Schedule 1
Child Maintenance and Other Payments Bill
10:15 am

Photo of Nadine Dorries

Nadine Dorries (Mid Bedfordshire, Conservative)

The Minister and the Department are right to attempt to predict future staffing levels. No business or organisation would embark on establishing an entirely new department or company without taking that into due consideration. However, the premise on which the staffing levels have been based anticipates that a large number of cases will move over to a different type of system—the voluntary arrangements. As we were told during the evidence-taking session, parents now have an opportunity to enter into voluntary arrangements, and 50,000 parents across the UK do so. There is no obligation at the moment; nobody drives parents towards the Child Support Agency. Therefore, I am not sure whether the premise on which the staffing reductions are based is correct.
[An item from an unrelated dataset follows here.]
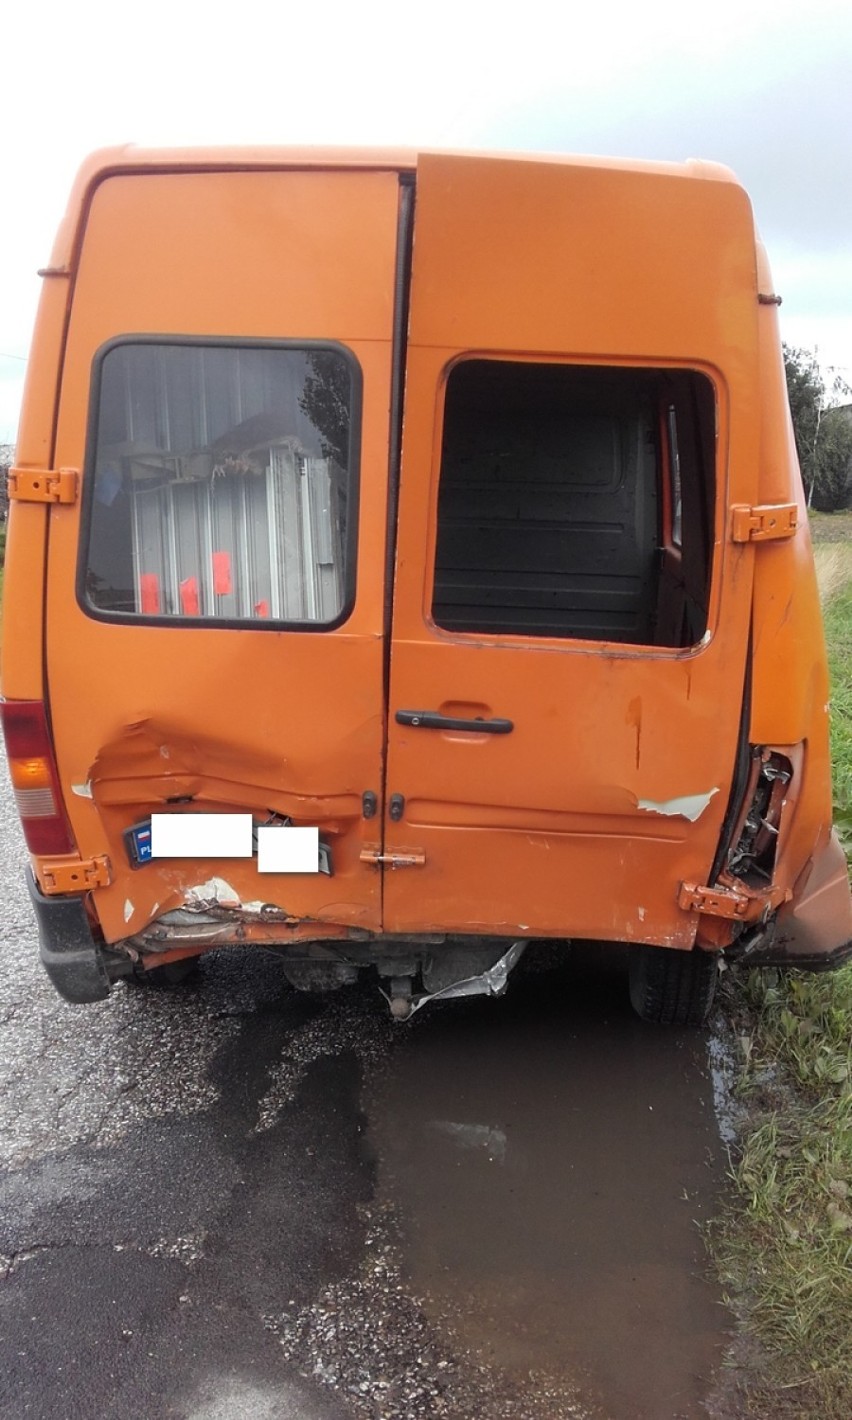 Wypadek w gminie Osięciny [zdjęcia]

As for the words “appropriate staffing levels” in the amendment, surely one way to guarantee appropriate staffing levels would be to explore further the option of a key caseworker scenario. In the evidence-taking session we were told that the department and its lines operate for 66 or 68 hours a week. In my experience of key caseworker scenarios, that is fine, because there is a back-up key caseworker, so two people share one case. Parents are made aware of when their key caseworker is working, either by e-mail or another system. It would be possible to have appropriate staffing levels and for parents to have a better service if they were aware of when their key caseworker would be working and when their cases could be managed. We know that sometimes 20 or 30 people deal with a case. One person with one computer screen dealing with one case would give better outcomes, both for parents and staff, and may even reduce sickness levels in the Department.